Professor of Physics, Emeritus


1920 — 2006



With the death of Owen Chamberlain at age 85 on February 28, 2006, the University of California, Lawrence Berkeley National Laboratory, and the wider world lost a great physicist and humanitarian. Best known for his discovery of the antiproton, for which he shared the 1959 Nobel Prize in physics with Emilio Segrè, he had a long career in groundbreaking experimental work in fundamental particle physics. He was a Fellow of the American Physical Society and a member of the U.S. National Academy of Sciences.


Ever unpretentious and approachable, he was ‘Owen’ to all who knew him. He transmitted his skills and knowledge to students and colleagues by example. He worked side-by-side with them at the accelerator caves into the wee hours carrying lead bricks for shielding, recording the data, and fixing whatever equipment needed fixing. He would use these occasions and other informal encounters to elucidate physics principles, concepts, and his reasoning in problem solving.

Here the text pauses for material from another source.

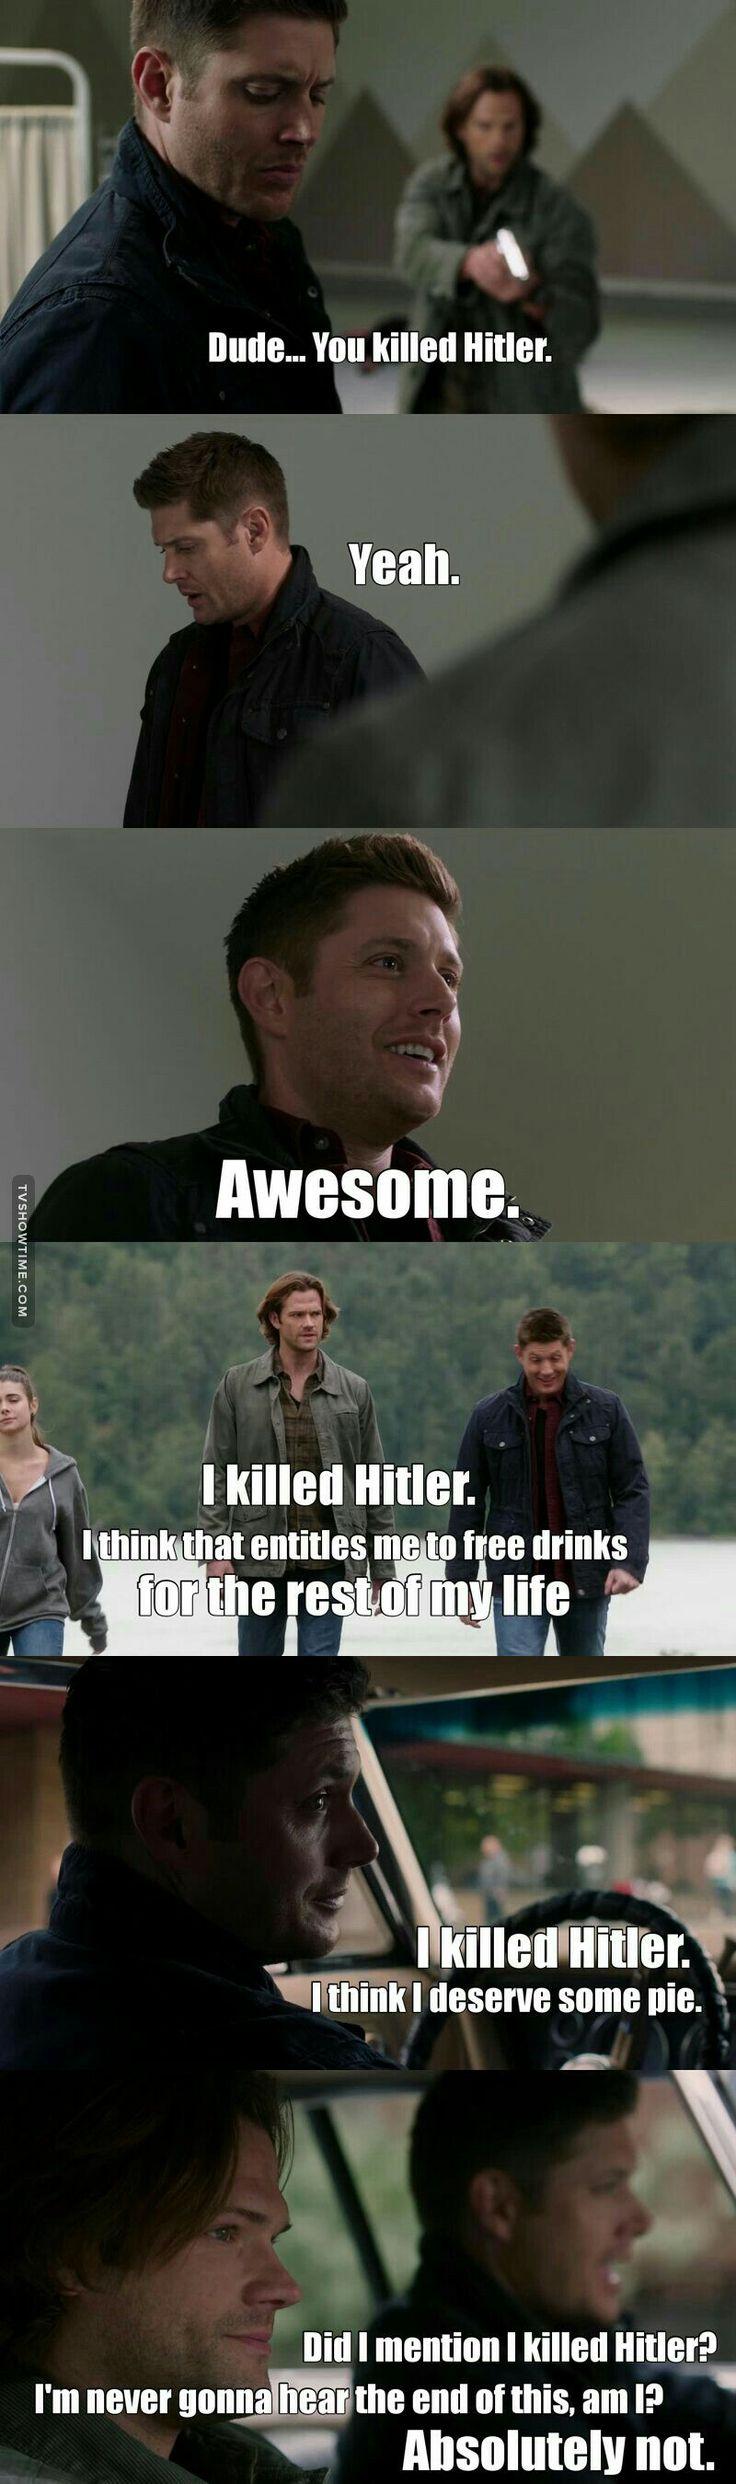 supernatural killed Hitler awesome season 12

Owen was born in San Francisco on July 10, 1920, the son of Dr. W. Edward Chamberlain, a distinguished radiologist, and Genevieve Lucinda Owen. After the family’s move to Philadelphia in 1930, Owen attended school there, including high school at Germantown Friends School, and then went on to Dartmouth. After his graduation in 1940 he was accepted as a graduate student in physics at the University of California, Berkeley. There he met Professor Emilio Segrè and fellow student Clyde Wiegand, who were to become close collaborators and friends.

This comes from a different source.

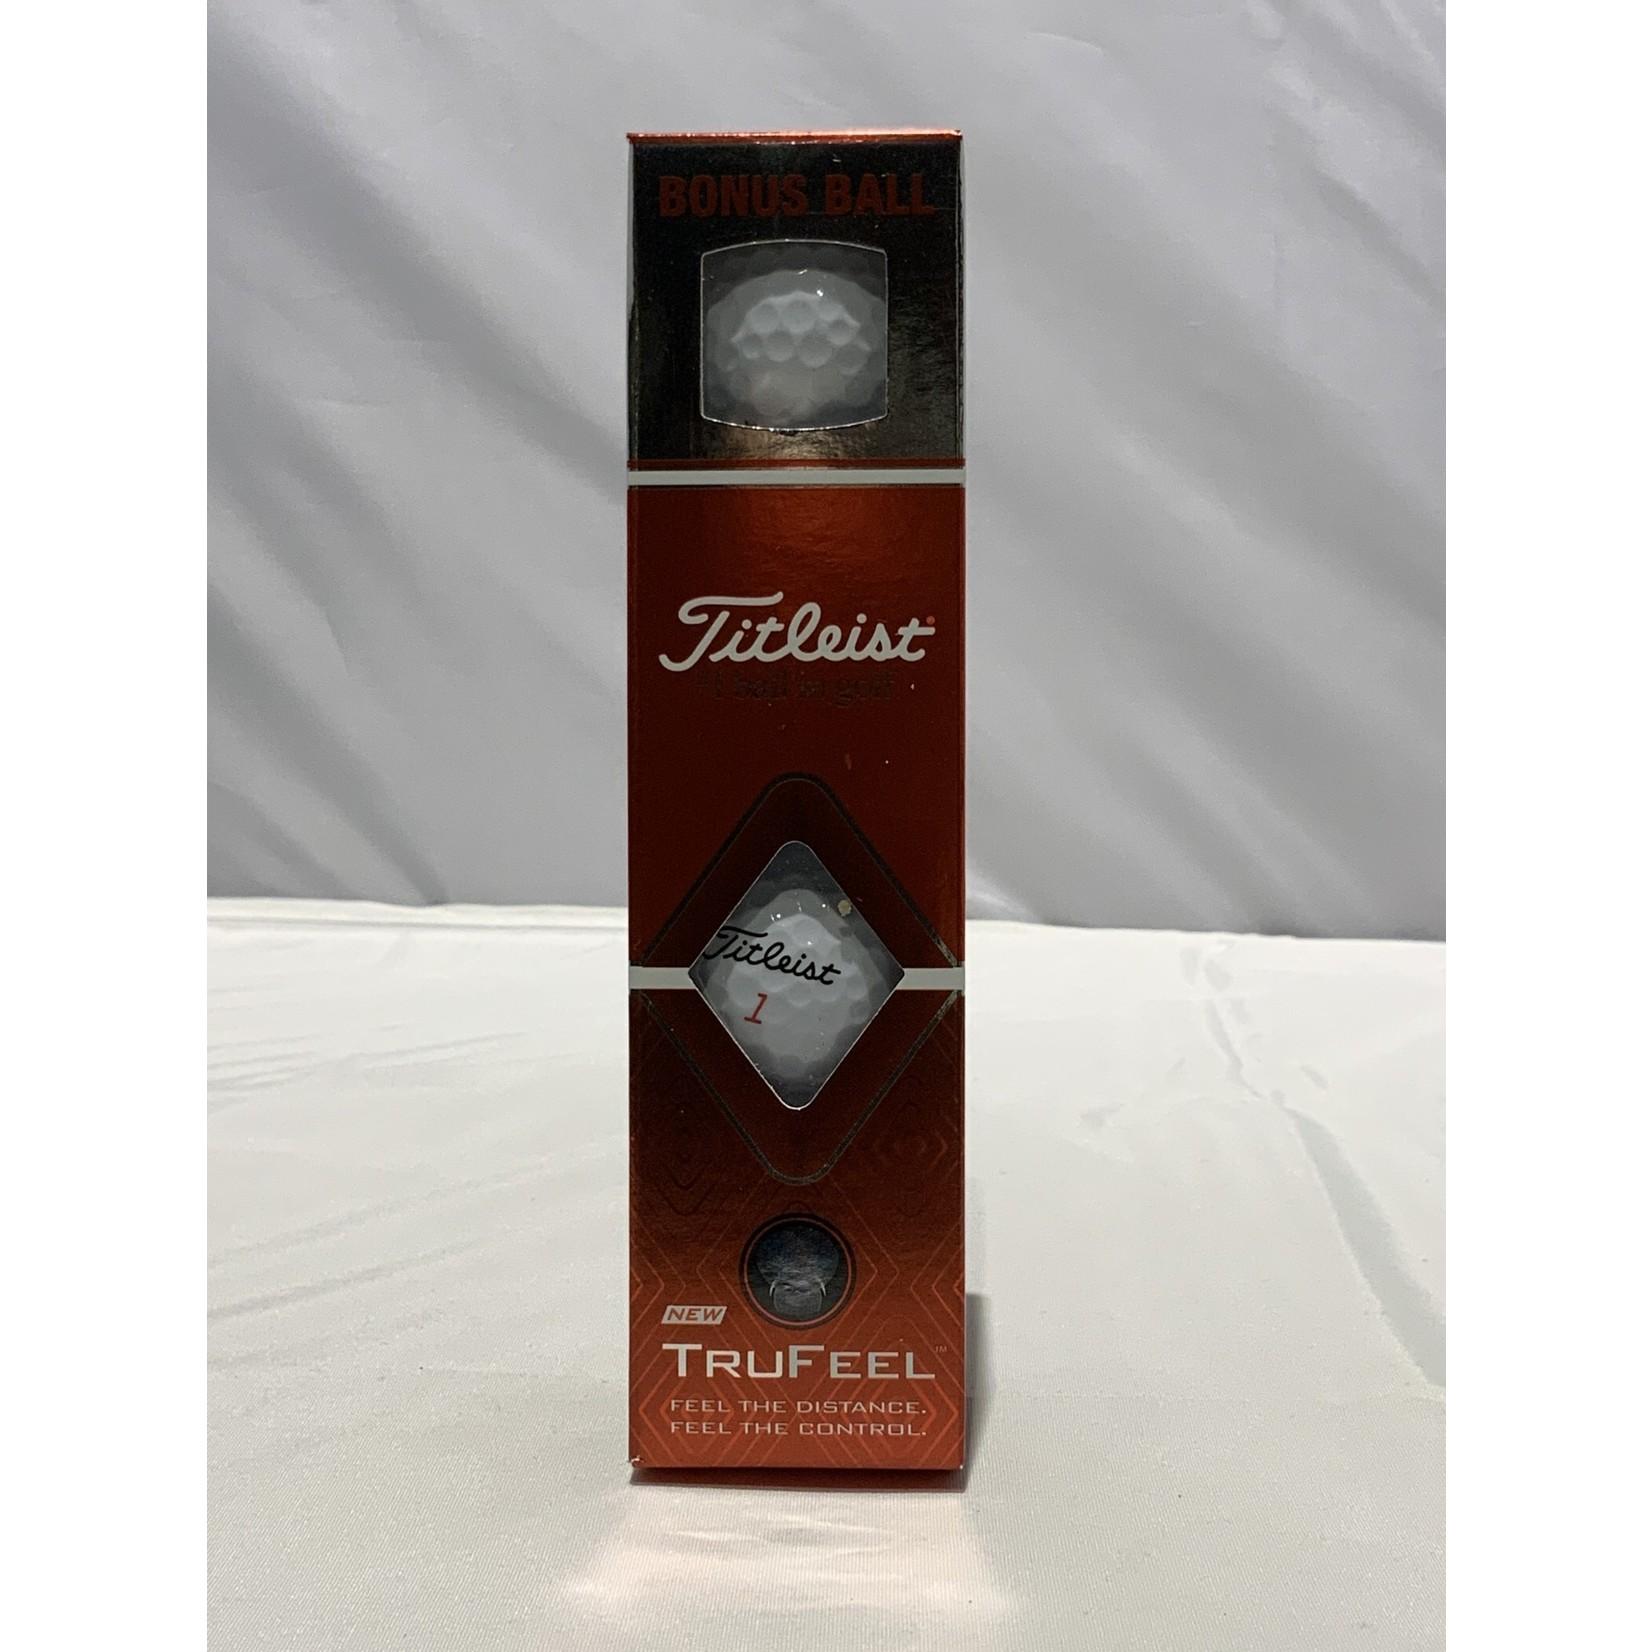 Titleist Titleist TruFeel bonus ball

Soon after the outbreak of World War II in December 1941, Ernest Lawrence persuaded Segrè to help with the development of a nuclear bomb at Los Alamos. Owen and Clyde followed him there and were present at Alamogordo when the first atomic bomb was detonated on July 19, 1945. Shortly after the end of WW II Owen went to the University of Chicago to obtain his Ph.D. under the direction of Enrico Fermi. In 1948, several months before submitting his thesis, he returned to UC Berkeley as a physics instructor. Advancing quickly through the ranks, by 1958 he had become a full professor at age 38.


Upon his return to Berkeley he joined with Segrè, Wiegand, and graduate student Tom Ypsilantis to initiate a program of proton-proton scattering experiments at the 184-inch synchrocyclotron designed to elucidate the nature of the nucleon-nucleon interaction. A crucial feature of this work was their pioneering use of beams of polarized protons. Thanks to his easy informality and extensive, deep understanding of physics, the many graduate students who participated in these experiments tended to go to Owen whenever they had questions or problems. He enjoyed interacting with students at all levels, and he was very good at it.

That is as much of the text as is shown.